All of the data should be reproduced word for word, though its pictures must be omitted.

Supplied data:
-------------------------
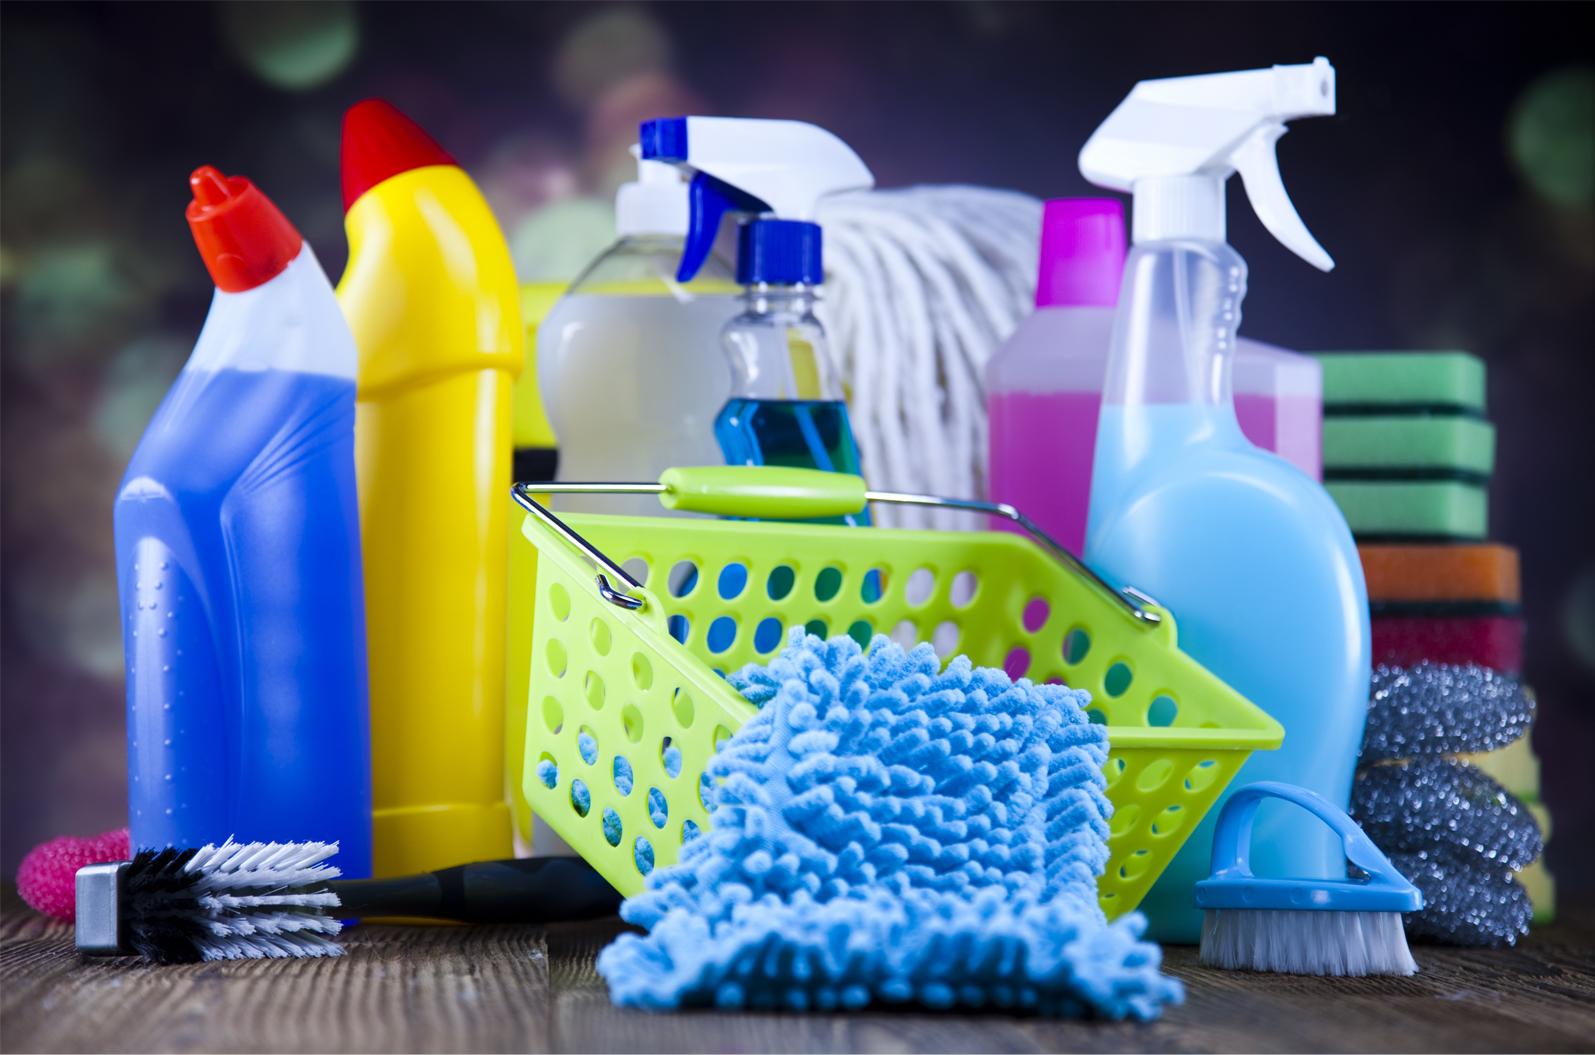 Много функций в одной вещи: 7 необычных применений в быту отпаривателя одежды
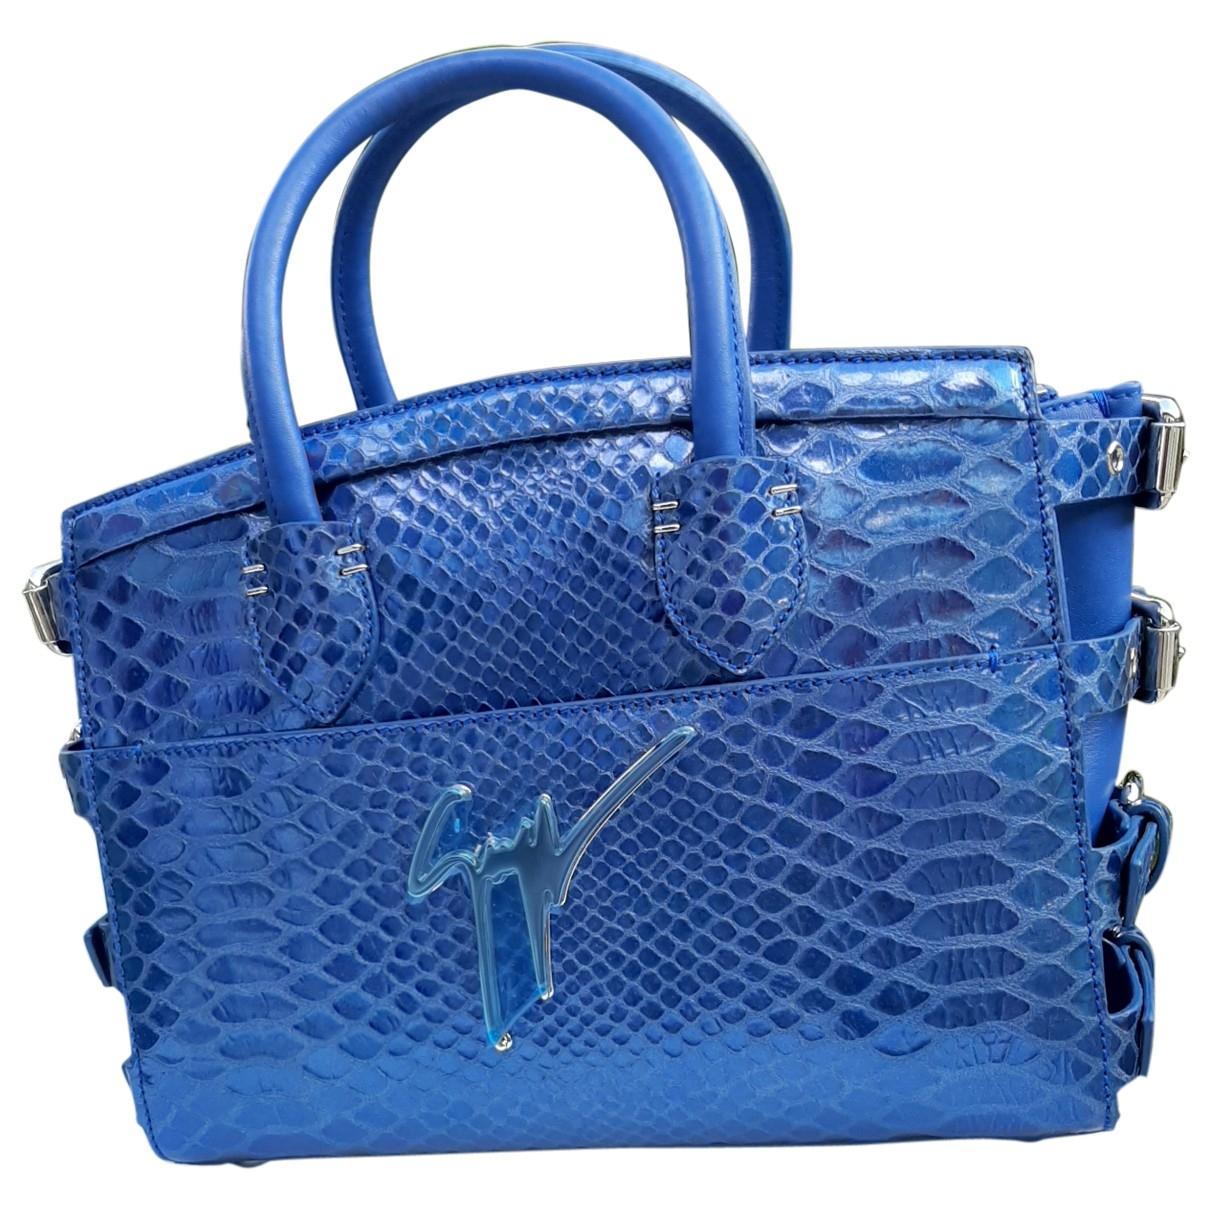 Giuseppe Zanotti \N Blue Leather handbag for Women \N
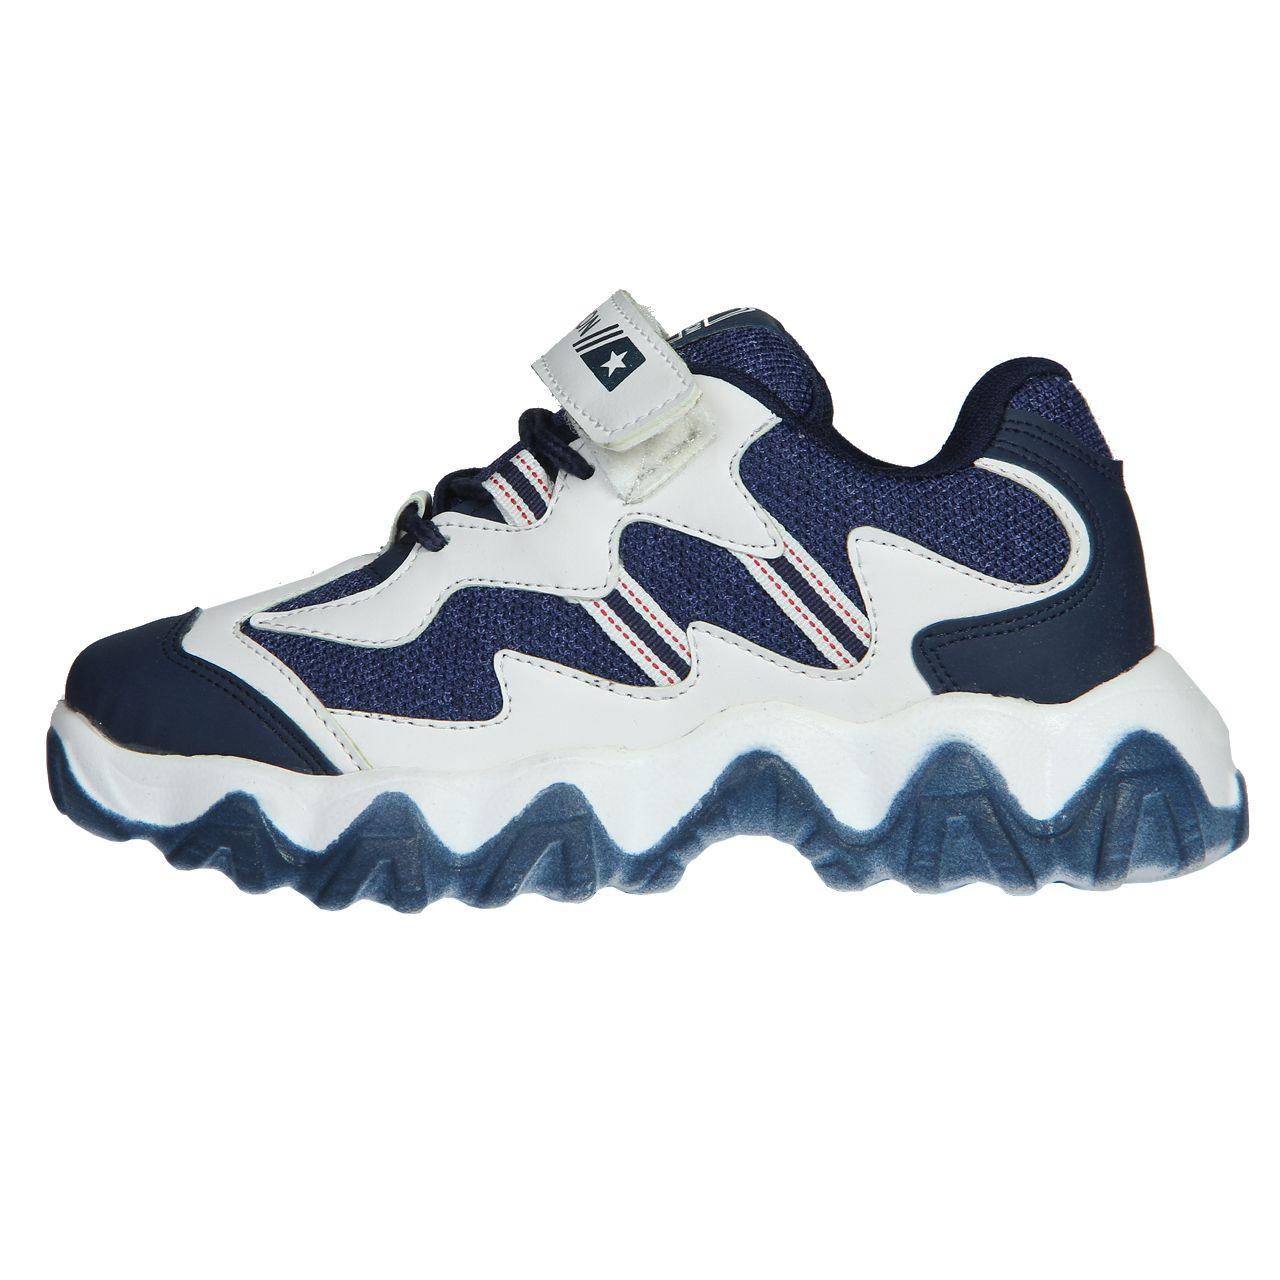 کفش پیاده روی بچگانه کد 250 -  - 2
-------------------------
Task solution:
 Много функций в одной вещи: 7 необычных применений в быту отпаривателя одежды
 Giuseppe Zanotti \N Blue Leather handbag for Women \N
 کفش پیاده روی بچگانه کد 250 -  - 2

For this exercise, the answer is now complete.